» Task goal
Complete, exact copies of all entries are needed.

» Source data
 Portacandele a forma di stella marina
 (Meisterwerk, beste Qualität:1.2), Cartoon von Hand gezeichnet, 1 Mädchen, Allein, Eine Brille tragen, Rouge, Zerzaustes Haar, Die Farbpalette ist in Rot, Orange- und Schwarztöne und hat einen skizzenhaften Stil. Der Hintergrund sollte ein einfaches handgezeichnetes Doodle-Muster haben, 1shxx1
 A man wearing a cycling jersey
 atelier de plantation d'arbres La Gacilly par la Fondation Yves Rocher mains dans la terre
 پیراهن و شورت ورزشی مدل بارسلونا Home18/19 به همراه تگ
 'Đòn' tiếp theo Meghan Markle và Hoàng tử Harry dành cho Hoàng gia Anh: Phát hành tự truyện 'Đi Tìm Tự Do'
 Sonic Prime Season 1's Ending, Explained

» Problem solution
 Portacandele a forma di stella marina
 (Meisterwerk, beste Qualität:1.2), Cartoon von Hand gezeichnet, 1 Mädchen, Allein, Eine Brille tragen, Rouge, Zerzaustes Haar, Die Farbpalette ist in Rot, Orange- und Schwarztöne und hat einen skizzenhaften Stil. Der Hintergrund sollte ein einfaches handgezeichnetes Doodle-Muster haben, 1shxx1
 A man wearing a cycling jersey
 atelier de plantation d'arbres La Gacilly par la Fondation Yves Rocher mains dans la terre
 پیراهن و شورت ورزشی مدل بارسلونا Home18/19 به همراه تگ
 'Đòn' tiếp theo Meghan Markle và Hoàng tử Harry dành cho Hoàng gia Anh: Phát hành tự truyện 'Đi Tìm Tự Do'
 Sonic Prime Season 1's Ending, Explained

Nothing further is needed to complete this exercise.